SUS04 - How do you take advantage of data access and usage patterns to support your sustainability goals?

Best Practices

Best Practices

This question includes the following best practices:

Key Concepts

Sustainability Design Foundations

Data access optimization: Use this concept to guide architecture and operating decisions for this question area. Define measurable targets, assign clear ownership, and review results regularly against expected business outcomes.

Storage lifecycle design: Use this concept to guide architecture and operating decisions for this question area. Define measurable targets, assign clear ownership, and review results regularly against expected business outcomes.

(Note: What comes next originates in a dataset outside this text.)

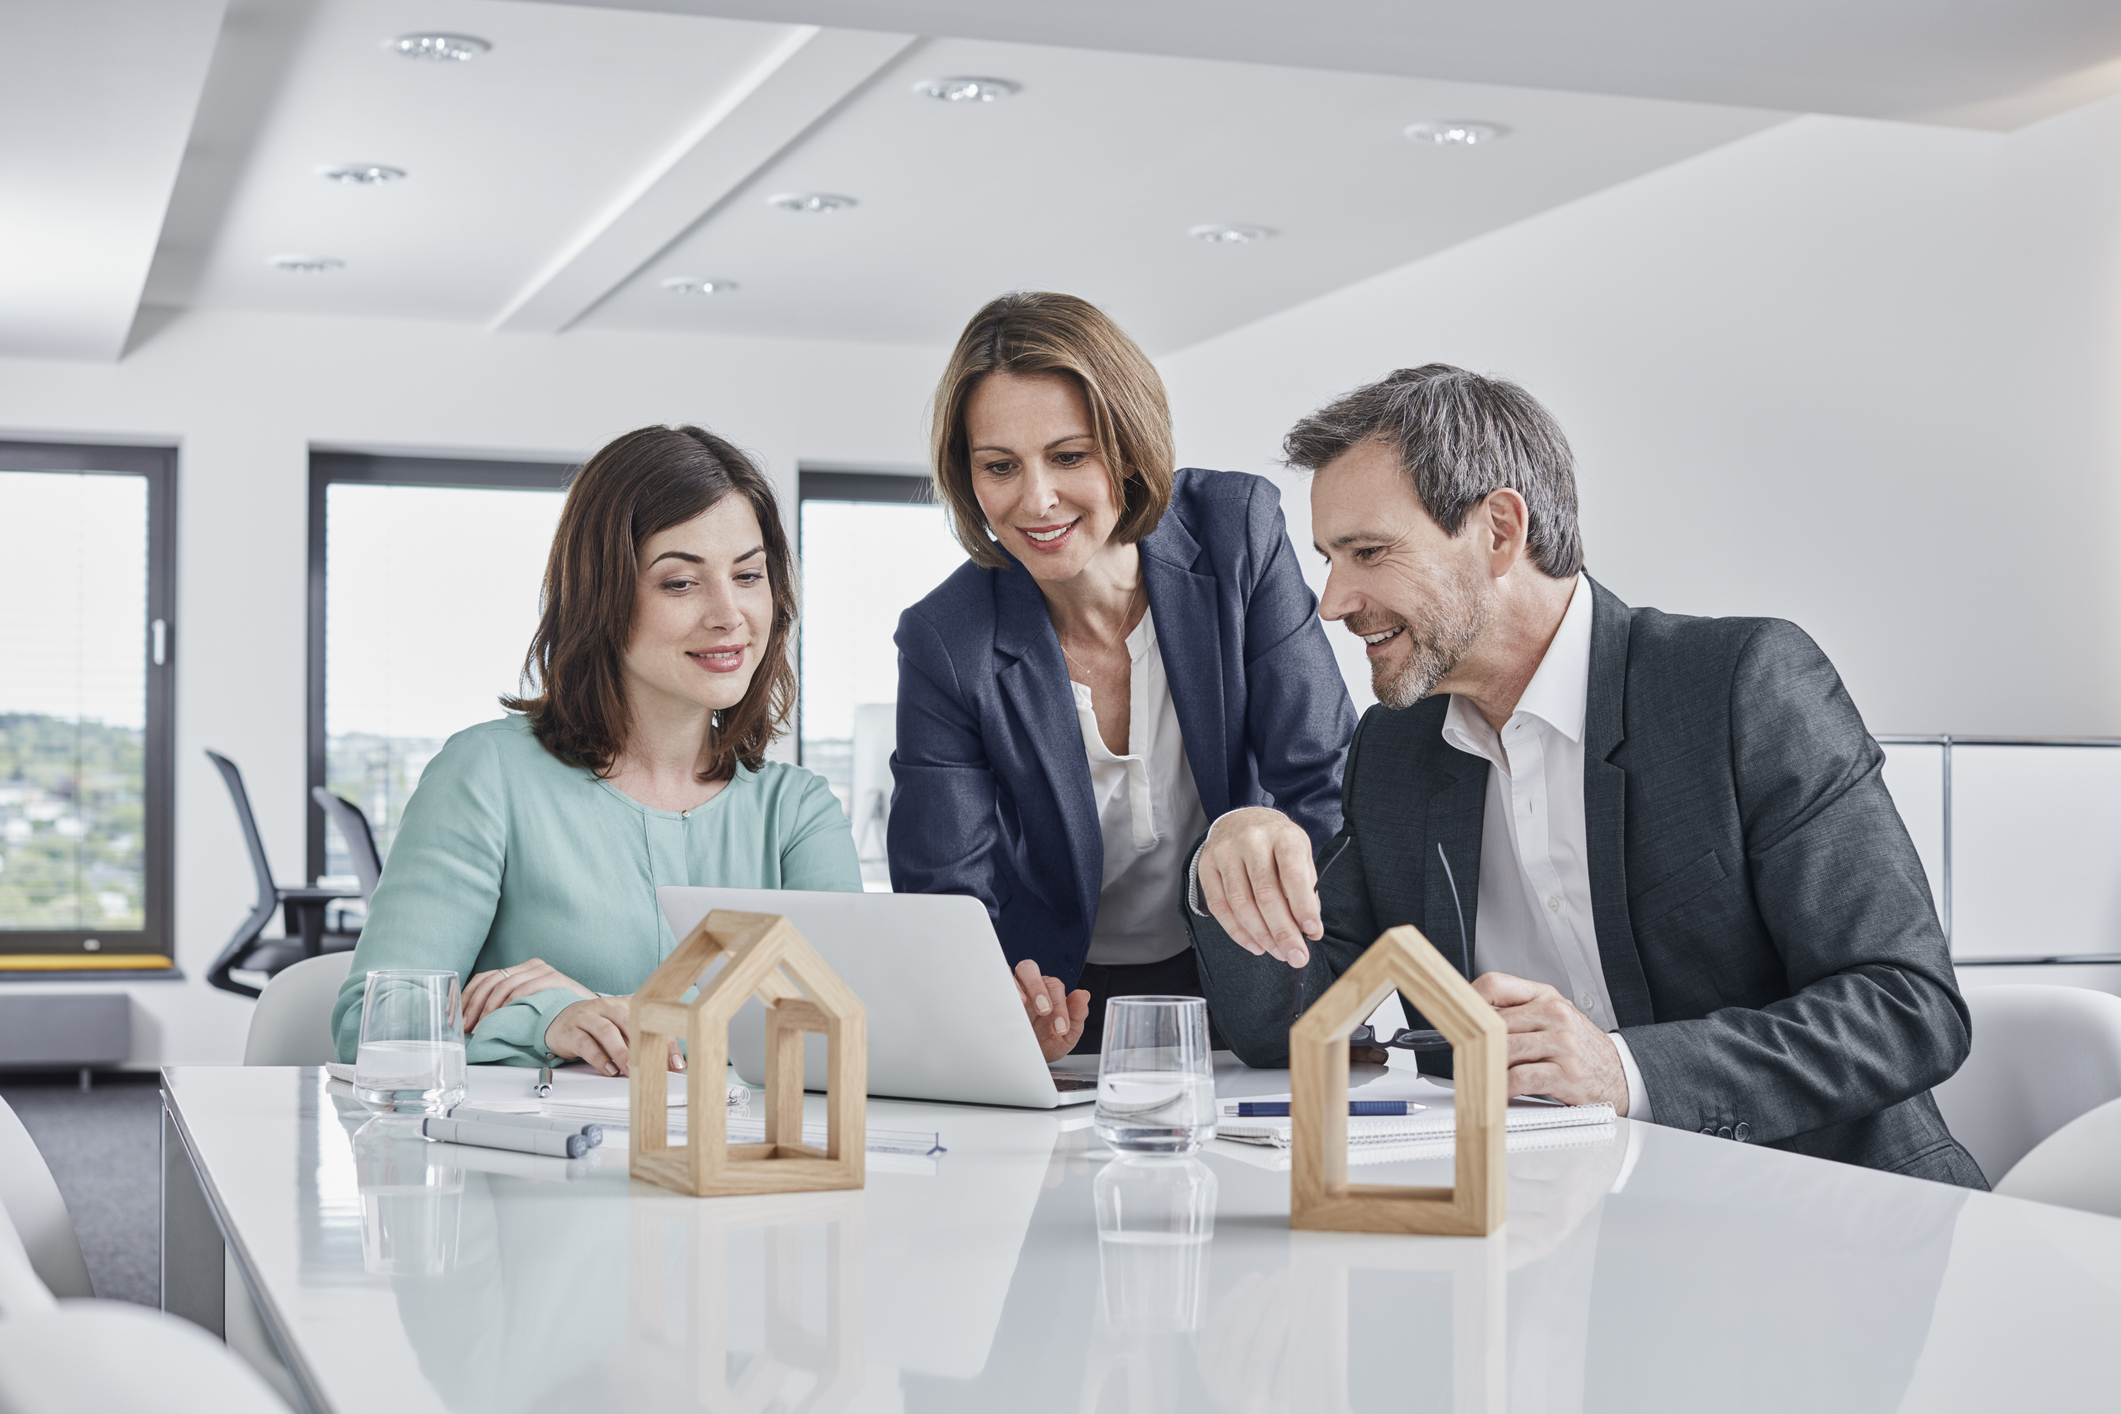 Connect with a real estate expert at Prospera.

Data minimization: Use this concept to guide architecture and operating decisions for this question area. Define measurable targets, assign clear ownership, and review results regularly against expected business outcomes.

Operational Sustainability Controls

Query efficiency: Use this concept to guide architecture and operating decisions for this question area. Define measurable targets, assign clear ownership, and review results regularly against expected business outcomes.

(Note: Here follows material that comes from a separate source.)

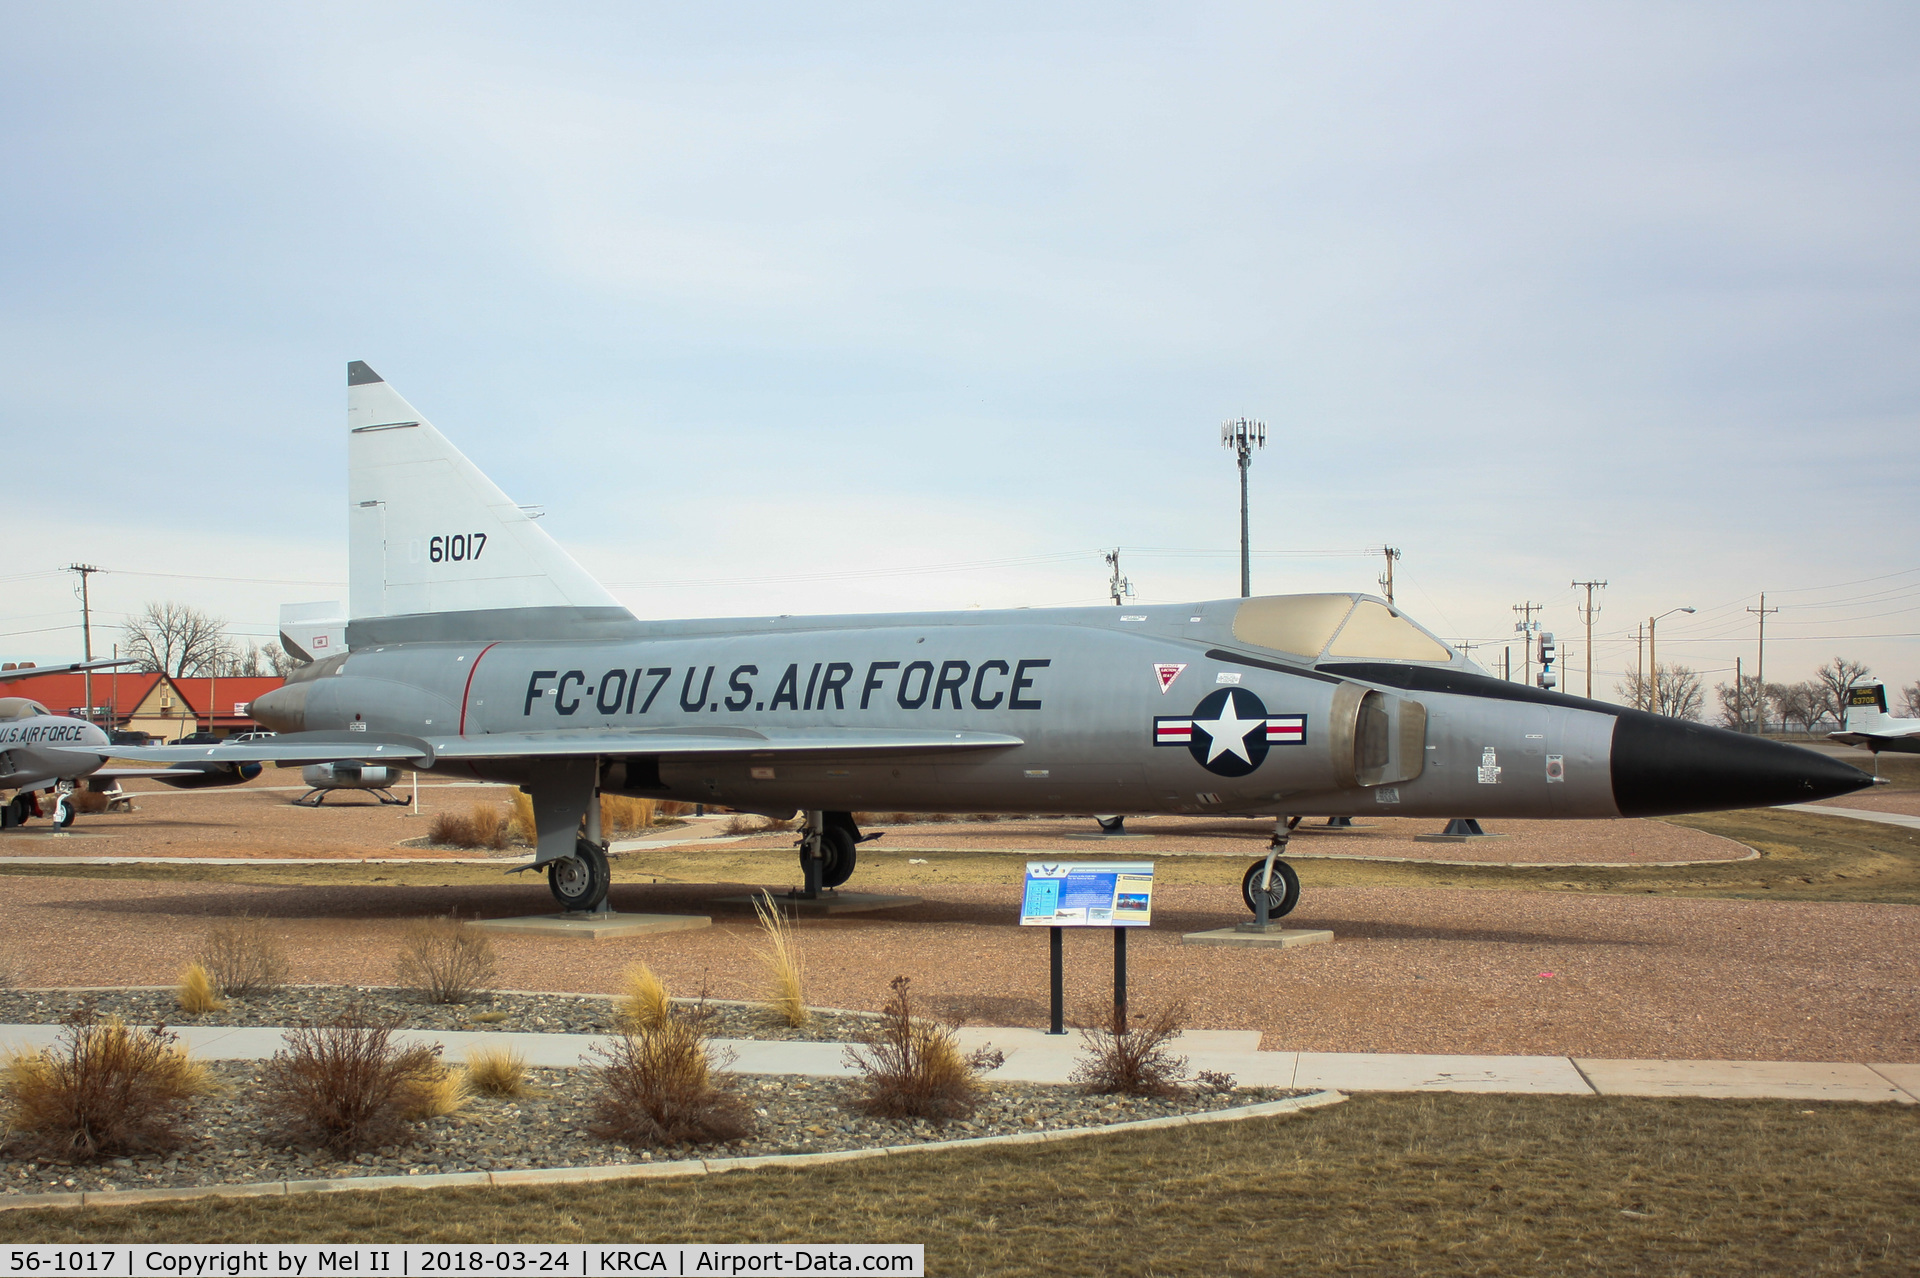 56-1017, 1956 Convair F-102A Delta Dagger C/N Not found, On display at the South Dakota Air and Space Museum at Ellsworth Air Force Base.

Data movement reduction: Use this concept to guide architecture and operating decisions for this question area. Define measurable targets, assign clear ownership, and review results regularly against expected business outcomes.

Retention governance: Use this concept to guide architecture and operating decisions for this question area. Define measurable targets, assign clear ownership, and review results regularly against expected business outcomes.

Implementation Approach

1. Understand data usage

  • Classify data by access frequency and criticality
  • Identify hot, warm, and cold datasets
  • Map expensive data movement paths
  • Define retention and deletion requirements

2. Optimize storage and access

  • Place hot data on performant tiers and archive cold data
  • Use lifecycle policies for automated transitions
  • Cache repeated reads and precompute frequent aggregations
  • Reduce redundant data copies across environments

3. Improve processing efficiency

  • Tune queries and partition strategies
  • Process data incrementally rather than full scans
  • Run batch processing during efficient windows
  • Use compression and efficient formats for analytics

4. Govern and refine continuously

  • Audit retention policy adherence
  • Monitor cost and performance of data workflows
  • Retire stale datasets and unused pipelines
  • Update access patterns as application behavior changes

AWS Services to Consider

Amazon S3

Delivers highly durable object storage with storage classes and lifecycle controls for performance and cost optimization.

AWS Glue

Builds and automates data cataloging and ETL pipelines to improve data processing efficiency.

Amazon Athena

Runs serverless SQL queries on data in S3 for analytics and operational reporting.

Amazon EMR

Runs scalable big data frameworks for batch and streaming data workloads.

Amazon CloudWatch

Collects metrics, logs, alarms, and dashboards so teams can detect issues early and track operational outcomes.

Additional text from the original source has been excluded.